In the first study, we present Translatomer, a multimodal transformer framework that predicts cell-type-specific Ribosome profiling from RNA-seq and gene sequence. We train Translatomer on 33 tissues and cell lines, and show that the inclusion of sequence substantially improves the prediction of ribosome profiling signal, indicating that Translatomer captures sequence-dependent translational regulatory information. Translatomer achieves accuracies of 0.72 to 0.80 for de novo prediction of cell-type-specific ribosome profiling. We develop an in silico mutagenesis tool to estimate mutational effects on translation and demonstrate that variants associated with translation regulation are evolutionarily constrained, both within the human population and across species. Notably, we identify cell-type-specific translational regulatory mechanisms independent of eQTLs for 3,041 non-coding and synonymous variants associated with complex diseases, including Alzheimer’s disease, schizophrenia, and congenital heart disease (Nature Machine Intelligence, 2024).

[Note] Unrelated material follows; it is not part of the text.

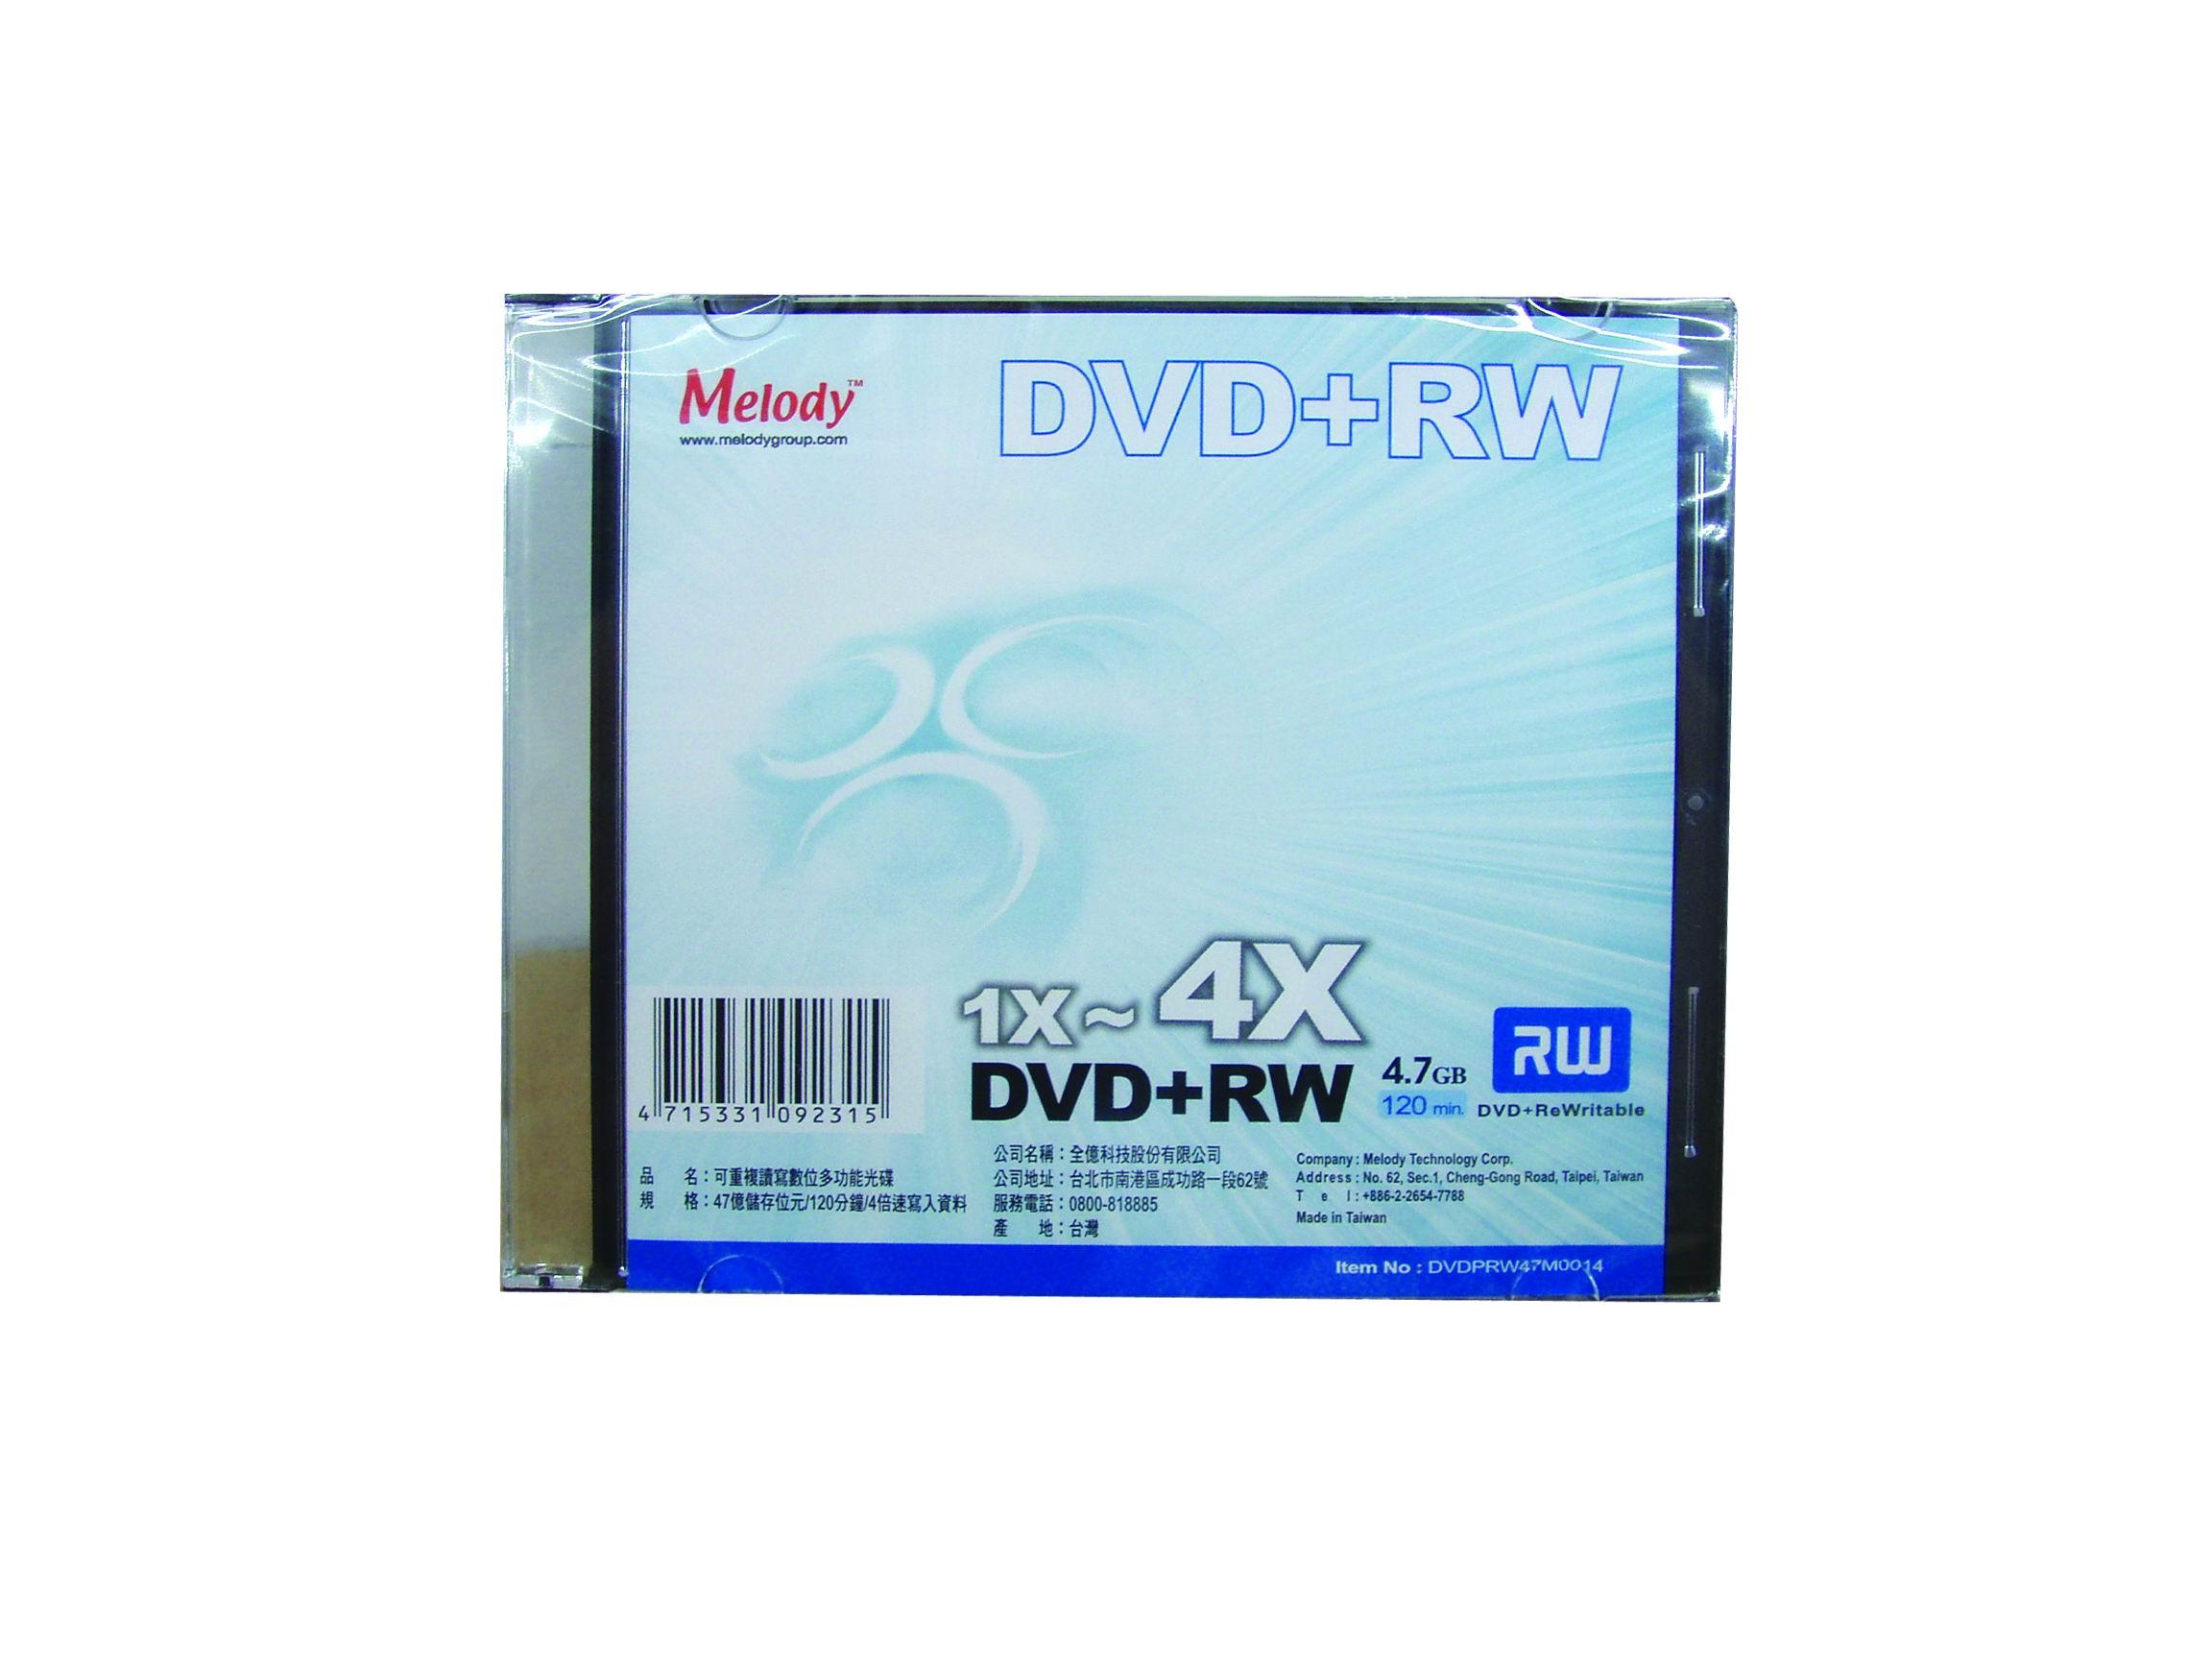 Melody DVD+RW 4X 單片裝

In the second study, we utilize quantitative trait loci (QTLs) as genetic instruments to delineate locus-specific directional maps of the crosstalk between m6A RNA methylation and two key epigenomic traits, including DNA methylation (DNAme) and H3K27ac. Using a combination of bidirectional Mendelian randomization (MR) and genetic colocalization approaches, we identify 47 loci indicative of the regulatory effects of m6A on H3K27ac (m6A-to-H3K27ac) in brain, as well as 4,733 m6A-to-DNAme loci in lung and muscle. In the reverse direction, we characterize 106 H3K27ac-to-m6A loci in brain and 61,775 DNAme-to- m6A in lung and muscle that represent the regulatory direction from epigenome to m6A. Notably, the loci in the ''DNAme-to- m6A'' direction show strong enrichment in enhancers. We prioritize 1,767 genetic variants that may modulate the crosstalk between m6A and DNA methylation for asthma and expiratory flow traits in lung, as well as 249 for coronary artery disease, blood pressure, and pulse rate in muscle. This integrative analysis establishes comprehensive regulatory paths for disease variants, such as the rs3768410-DNAme- m6A-asthma and the rs56104944-m6A-DNAme-hypertension axes (Cell Genomics, 2024).
These studies together provide molecular targets with a mechanistic foundation towards prediction, molecular diagnosis, and precision therapy for human polygenic diseases.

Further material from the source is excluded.